There have been countless stories of good operators, caught short because of weather conditions, fluctuating commodity prices and the like, racking up massive interest liabilities in ridiculously short periods of time, long before the banking Royal Commission.
Foreclosures, bankruptcies and an epidemic of suicidal despair across rural Australia during the "millennium drought" were irrelevant. The only thing that seemed to matter to the banks was profit.
This was always going to be a given.
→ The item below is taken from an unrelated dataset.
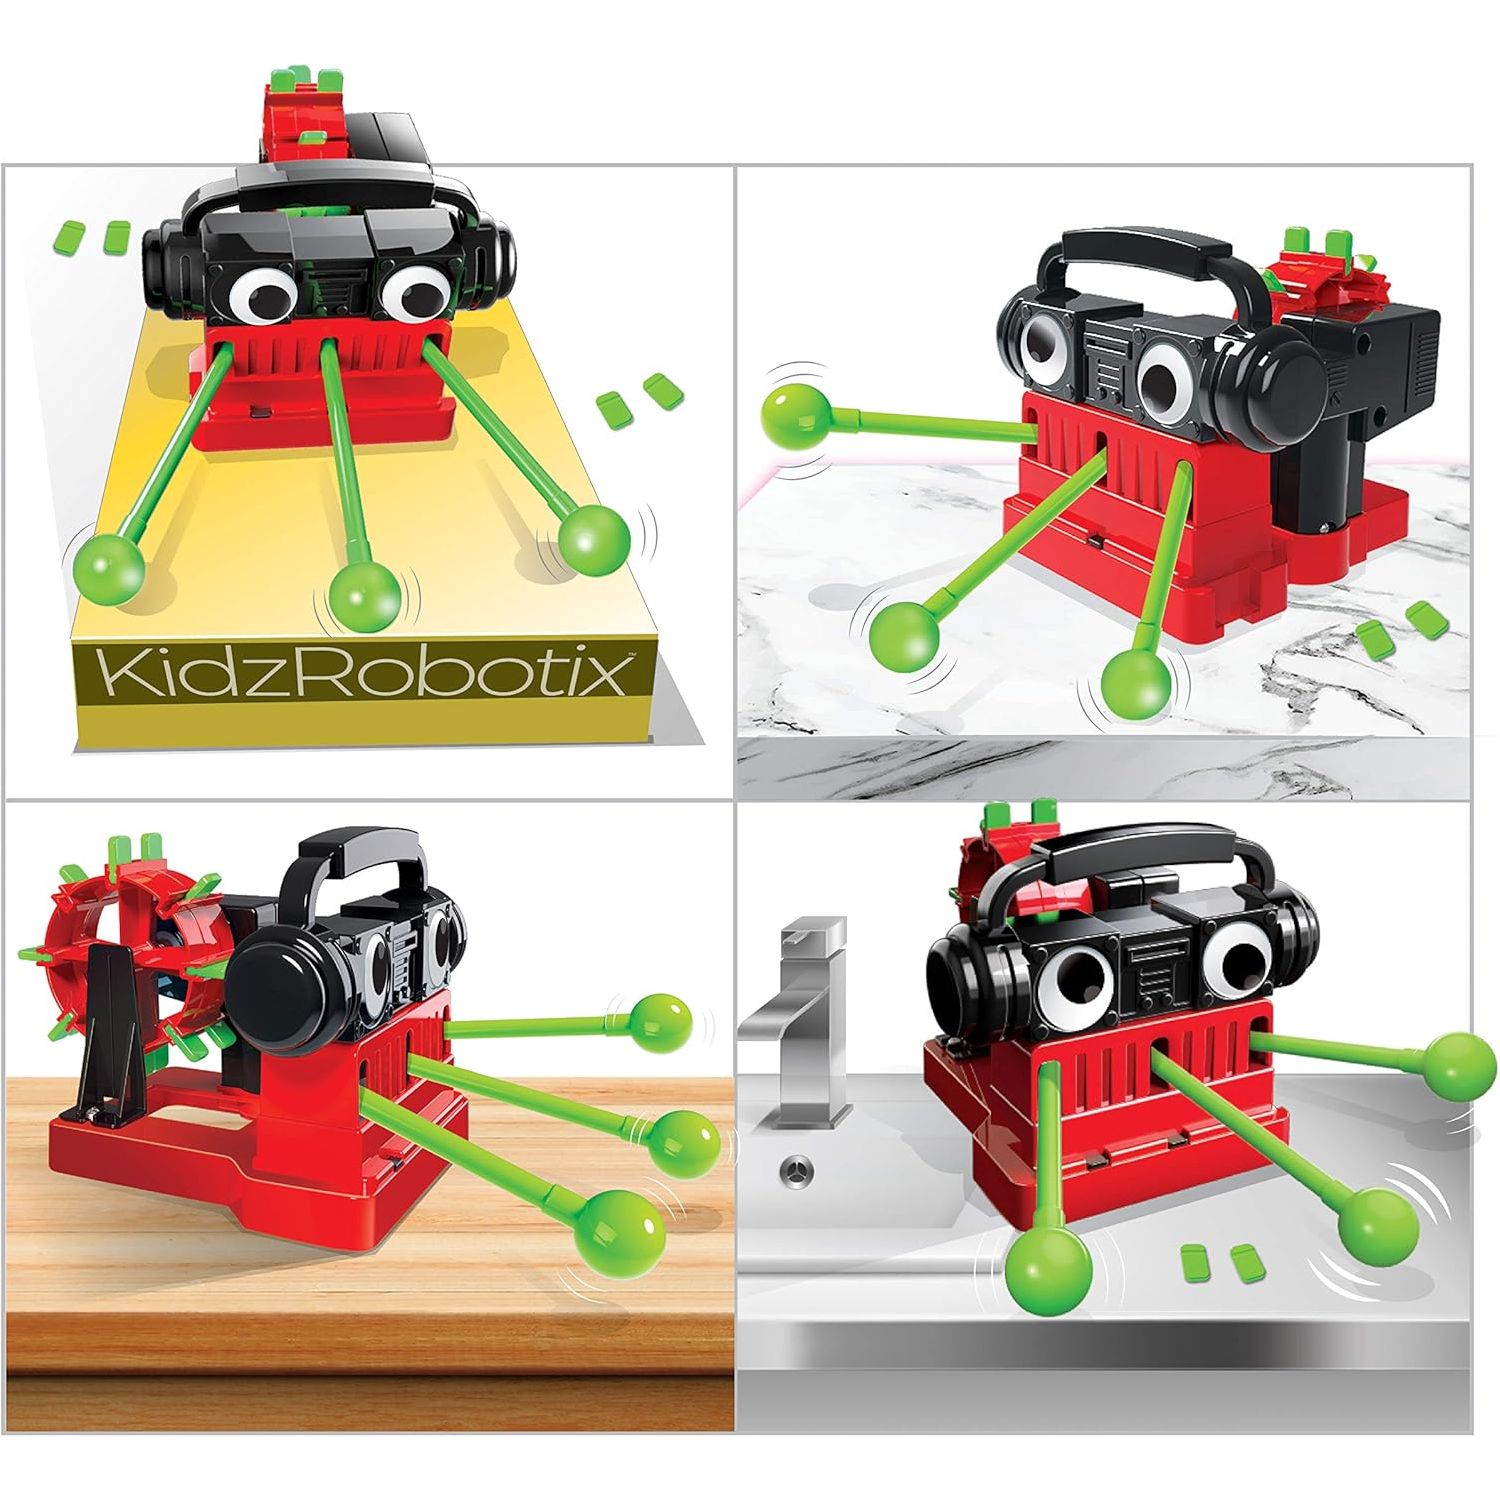 4M Kidzrobotix - Drummer robot
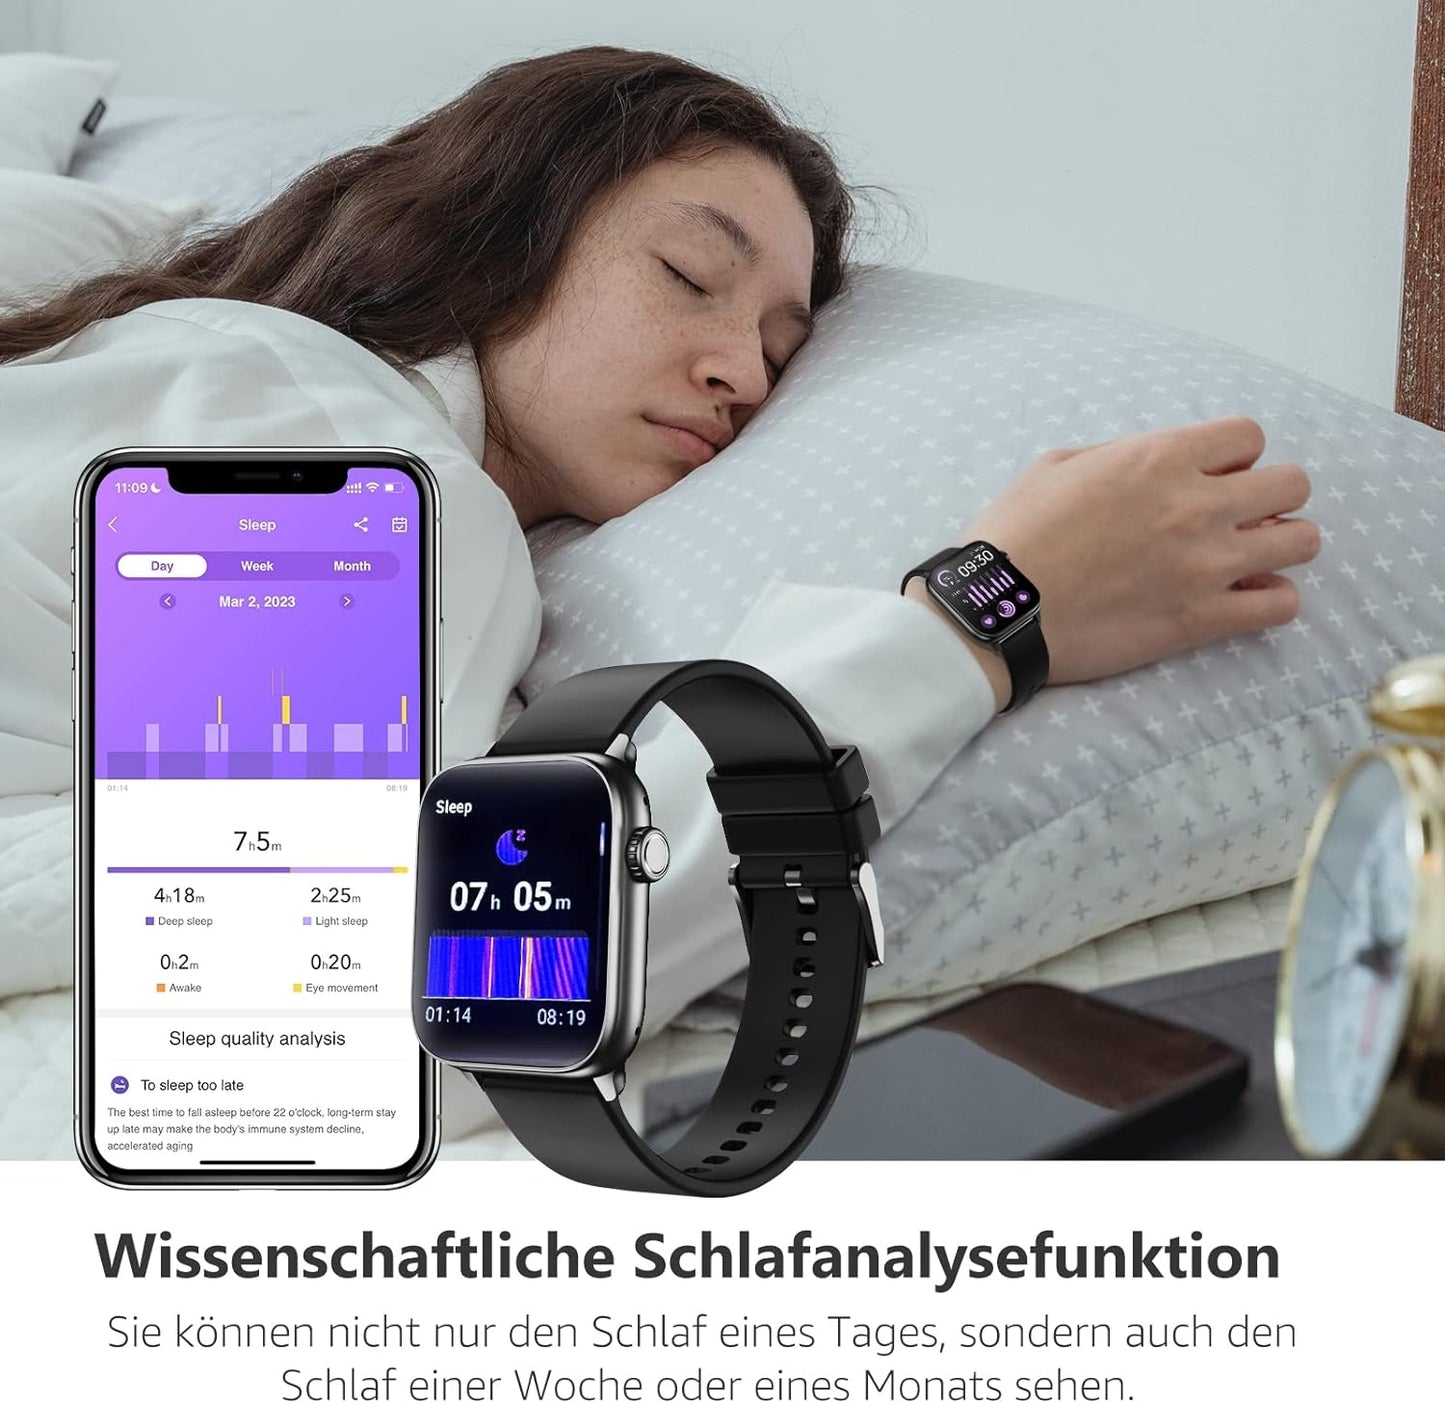 BingoFit Smartwatch Damen Herren, Smart Watch mit Telefonfunktion, 1.83" HD Touchscreen Fitness Tracker, Fitnessuhr mit Herzfrequenz/Schlafmonitor/SpO2, 113 Sportmodi Schrittzähler Uhr für Android iOS

Lenders are happy to flog foreclosed properties off at bargain basement prices that cover their own exposure.
No bank CEO has ever lost sleep over the fact this slash and burn approach left nothing for the families who were losing their homes and their livelihoods.
You only had to listen to the Royal Commission testimony by the strong, quiet and dignified men and women from the bush to know the price, often measured in graves in country church yards and in shattered families, rural Australia has paid for a culture of corporate greed.
This is the forum the Turnbull Government only agreed to bring into being after some key Nationals members threatened to cross the floor late last year.
It has become a lightning rod for complaints of exploitation, indifference and outright criminal activity.
While the big four banks have yet to be seriously penalised by the stockmarket, other players, including the once iconic AMP, have suffered a collapse in value.
There is also a high probability that, as a result of the Royal Commission, bank officers and executives and financial planners, one of whom boasted in 2008 he had charged an 86-year-old woman $35,000 for an off-the-shelf investment plan that took less than an hour to produce, will have to explain themselves to a court.
It is these issues; not a new found realisation they have a moral obligation to the welfare of their customers, that is driving the minor changes we are beginning to see.
It was absurd for NAB CEO, Andrew Thorburn, to say, as he did on Monday, that: "the Royal Commission and other inquiries reveal that in some cases we have lost touch".
Most people don't need a multi-million dollar, year-long, judicial taskforce to reset their moral compass.
None of the CEOs of any the major banks can distance themselves from what has happened on their watch.
These latest mea culpas and promises to reform are a pragmatic, and possibly short-lived, response to a unique market challenge.
It will take much more than this to win back the trust of their customers, their own staff and the wider community.